Für Werner Rast war die Fasnacht schon als Kind das Grösste. Seinen zehn Jahre älteren Bruder Ferdi hat er so um seine Mitgliedschaft in der Guuggenmusig beneidet, dass er mit elf Jahren kurzerhand seine eigene Kinder-Guuggenmusig in Beromünster gegründet hat. Schlimm nur, wenn am Aschermittwoch alles vorbei war. «Als Bub bekam ich da eine richtige Fasnachtsdepression: Mir war nur zum Weinen zumute.»

Geweint hätte mancher Fasnächtler wohl auch am liebsten, als er die Diskussionen um 100-Franken-Vignette, Kafi-Schnaps-Kontrollen und das neue Depotsystem an der Fasnacht verfolgt hat.
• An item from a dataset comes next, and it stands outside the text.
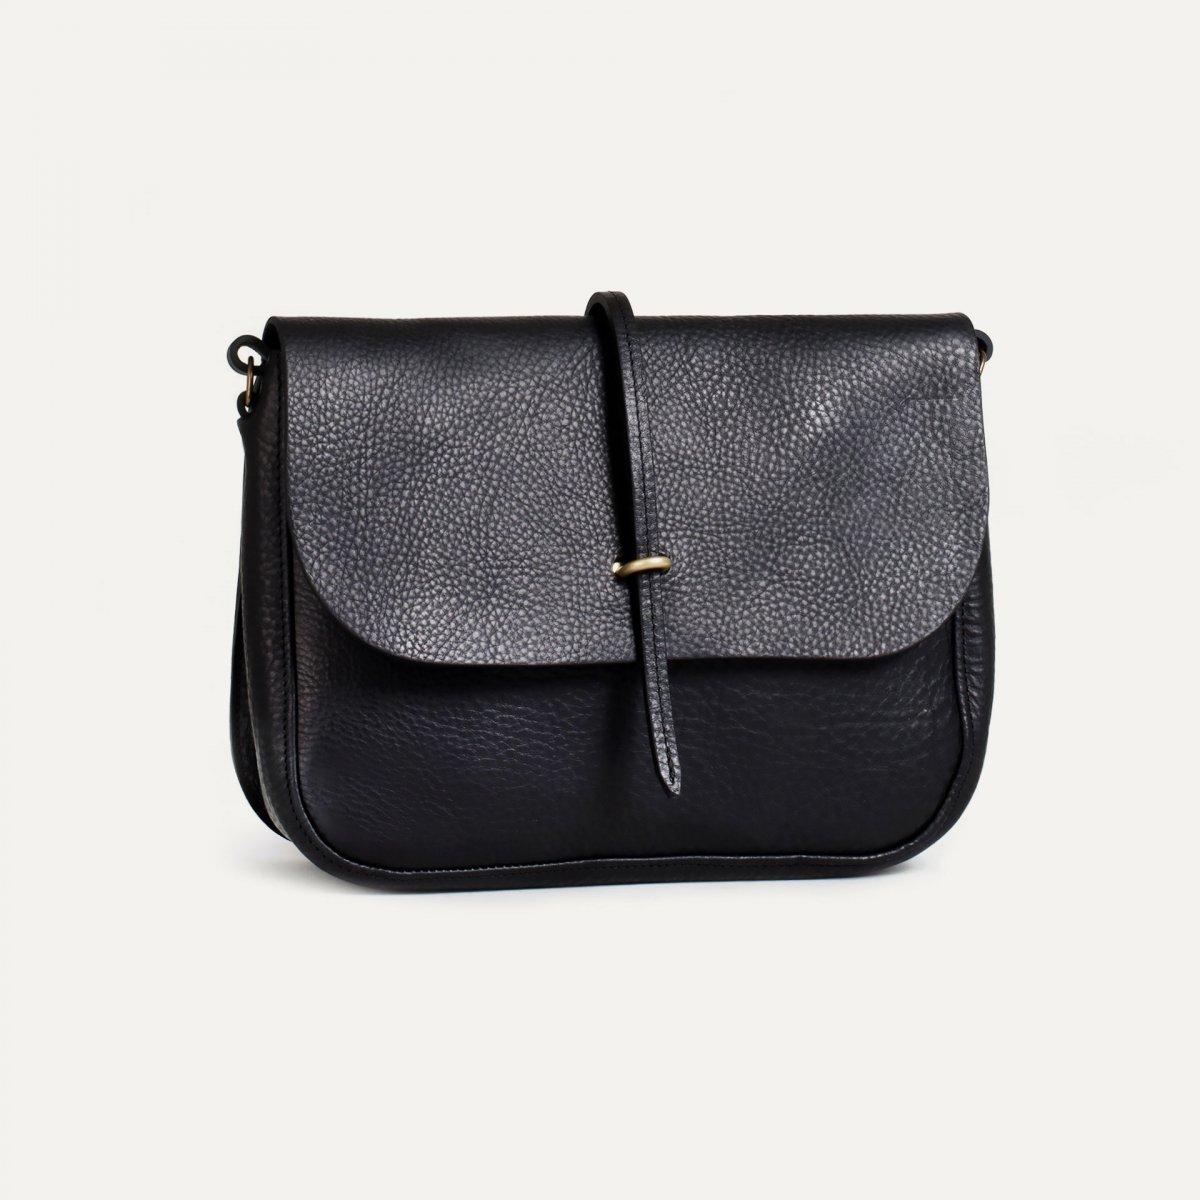 Pastel handbag - Black (image n°2)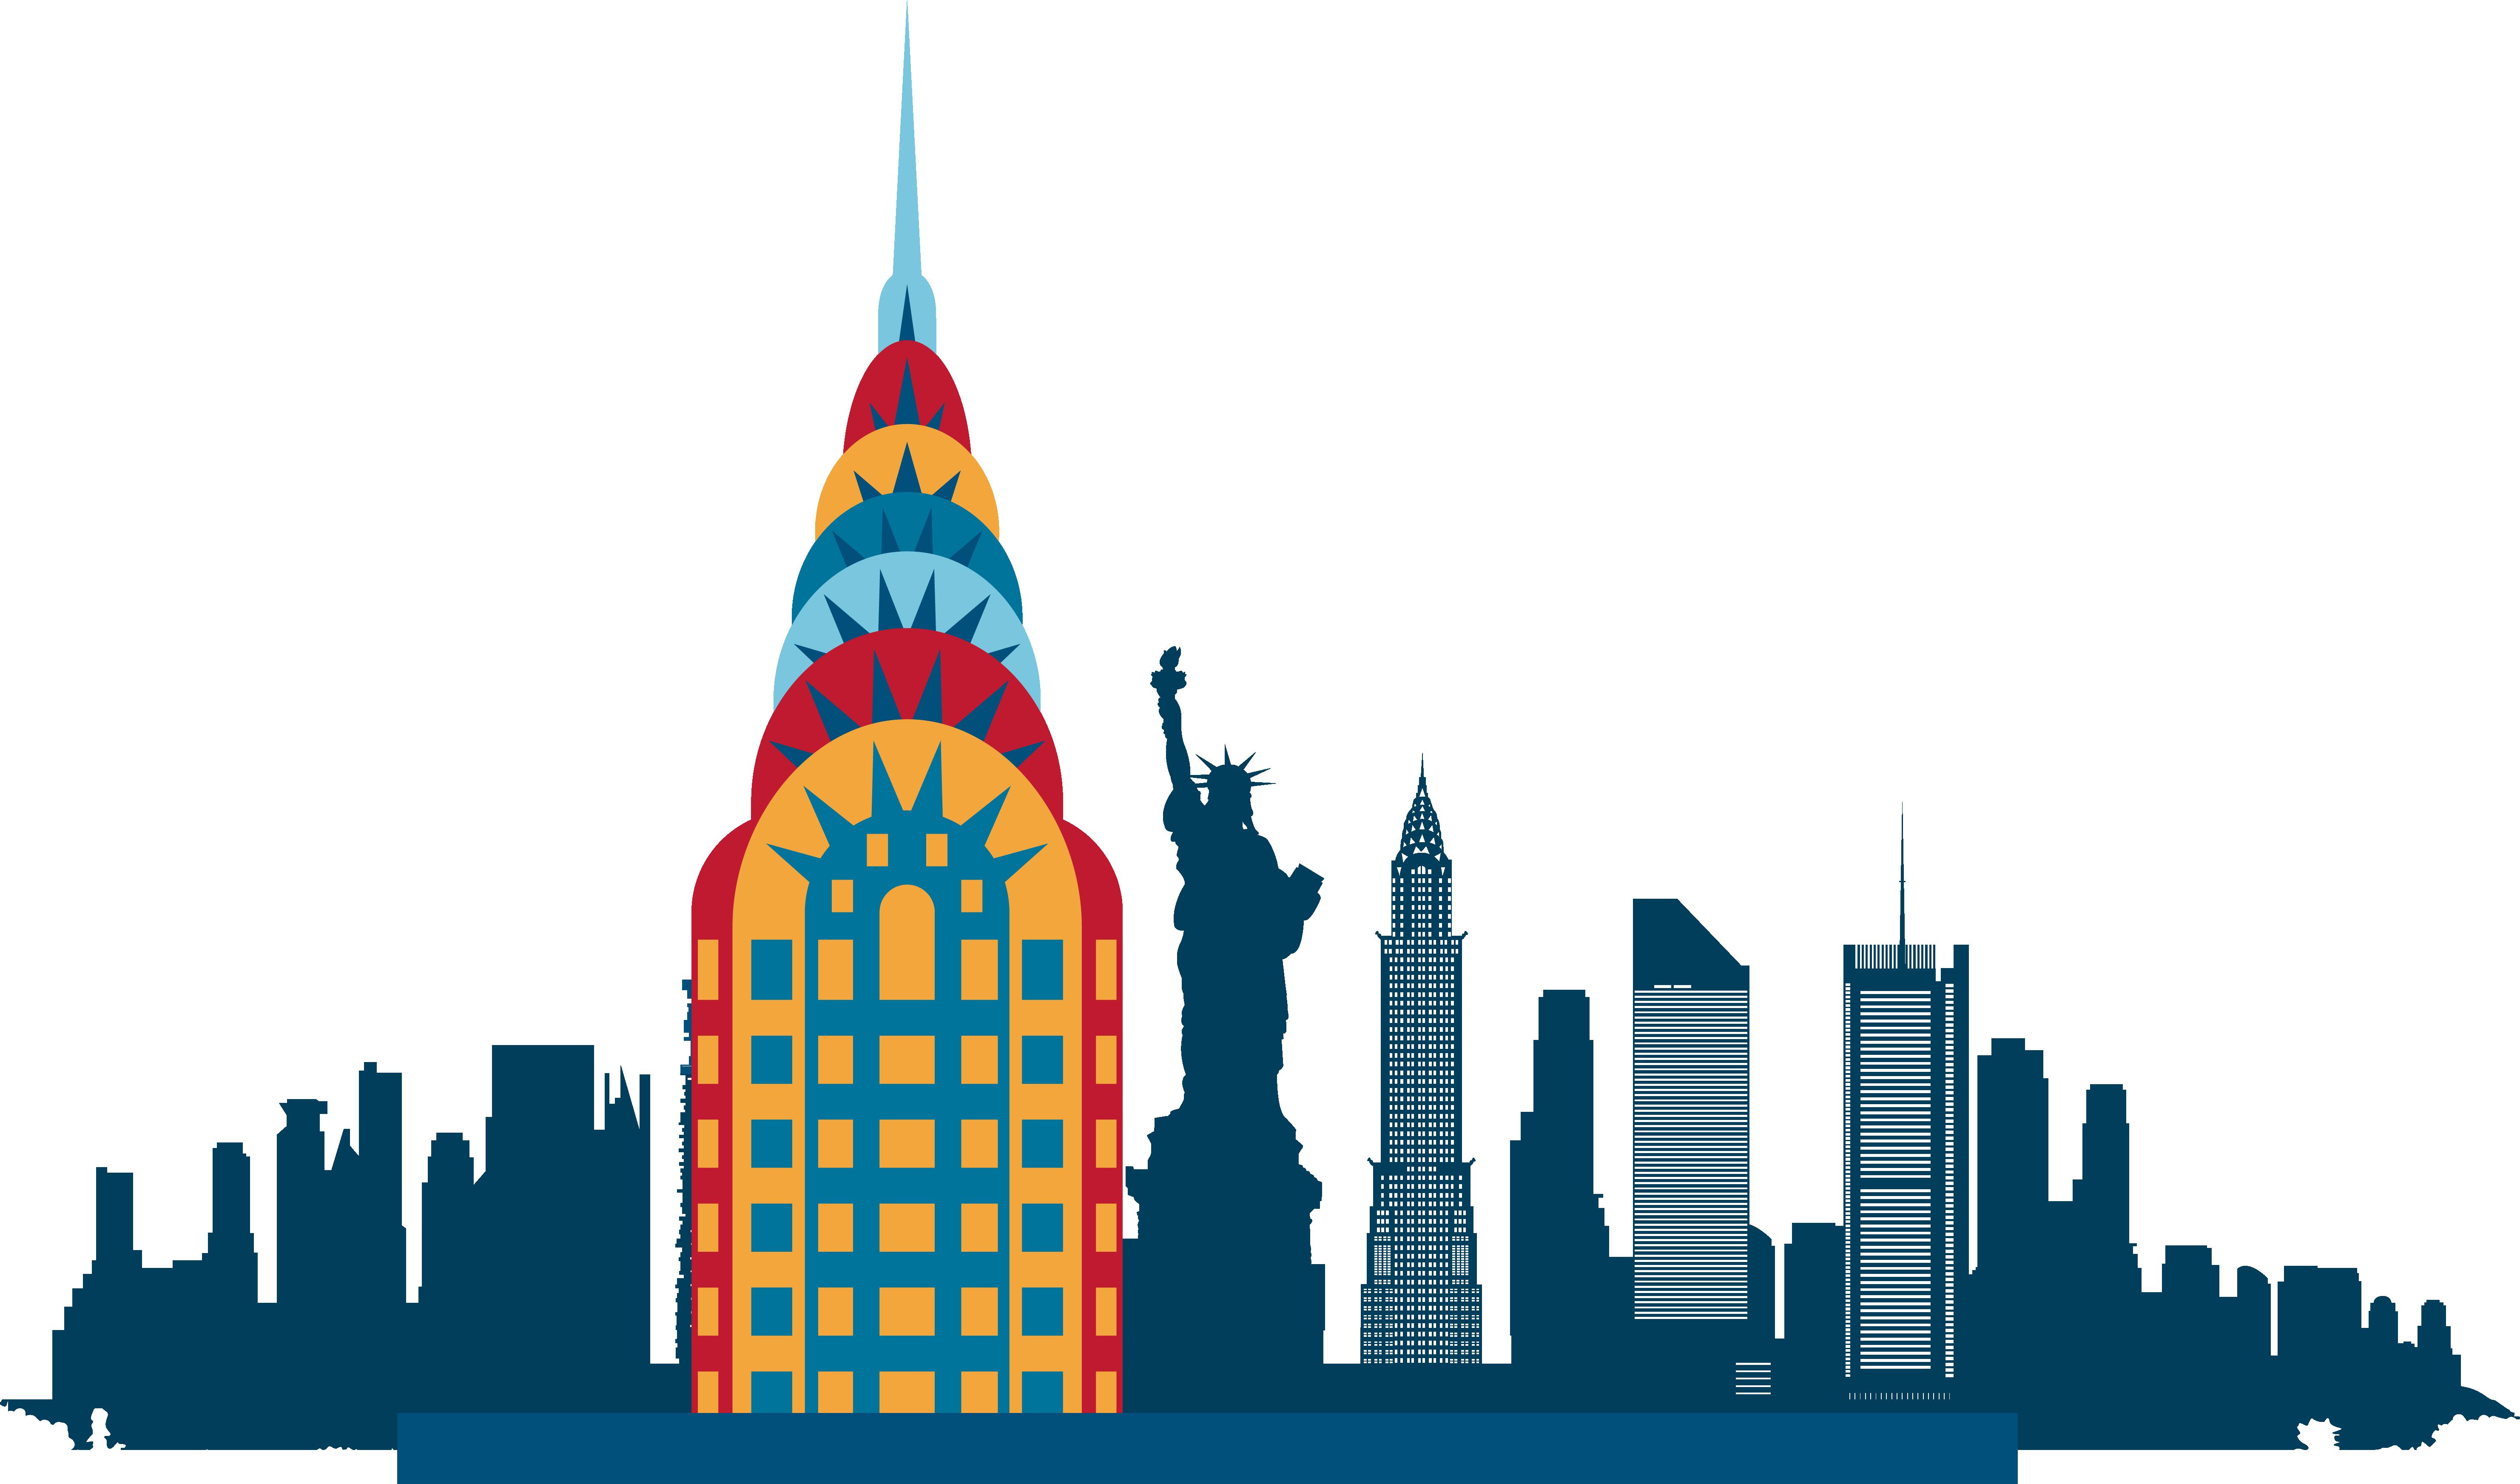 New York City Skyline Silhouette Illustration.

Nicht so Werner Rast – der hat sich amüsiert. «Super Vorfasnachtssujet», meint er mit einem spöttischen Lächeln. «Was der ‹Tatort› nicht fertiggebracht hat, war für den Stadtrat kein Problem: ein tolles Drehbuch.» Aber im Ernst, was hält er von den Ideen? «Die Fasnacht kann man nicht reglementieren, dann ist sie tot.»

«Zeigen, was Fasnacht heisst»

Die Probleme, die es an der Fasnacht gibt, könne man anders lösen: «Man muss den Jungen zeigen, was Fasnacht heisst.» Das LFK mache einen guten Anfang mit den beliebten Masken-Bastelkursen. Der Wey-Zunftmeister würde noch weitergehen: «An der Schule müsste man diese Kreativität und das Brauchtum wieder mehr unterrichten.» Und wäre das auch etwas für ihn? «Jetzt ist es wieder so weit. Sie haben ihn auf eine Idee gebracht», sagt Gisela Rast. Und tatsächlich meint der Wey-Zunftmeister: «Vielleicht sollte ich mein Seminarangebot anpassen?» Bisher beschäftigt sich seine Firma in Baar mit Personalberatung und -vermittlung.

Familienvater, Fasnächtler, Unternehmer, vielleicht bald Brauchtumslehrer – bleibt da noch Zeit für andere Hobbys? Bei der Frage grinst sich das Ehepaar an. «Ich habe eine Harley in der Garage stehen», sagt Werner Rast. Letztes Jahr hat er sie gekauft. «Meine Frau fährt, ich sitze hinten», sagt er. Dem Wey-Zunftmeister fehlt der Führerausweis für die Maschine. «Bevor ich die Prüfung machen konnte, bin ich krank geworden.» Bis es mit der Motorradprüfung klappt, kann er sich die Zeit auf dem Hallwilersee vertreiben. Den Segelschein hat der Wey-Zunftmeister seit Jahren in der Tasche.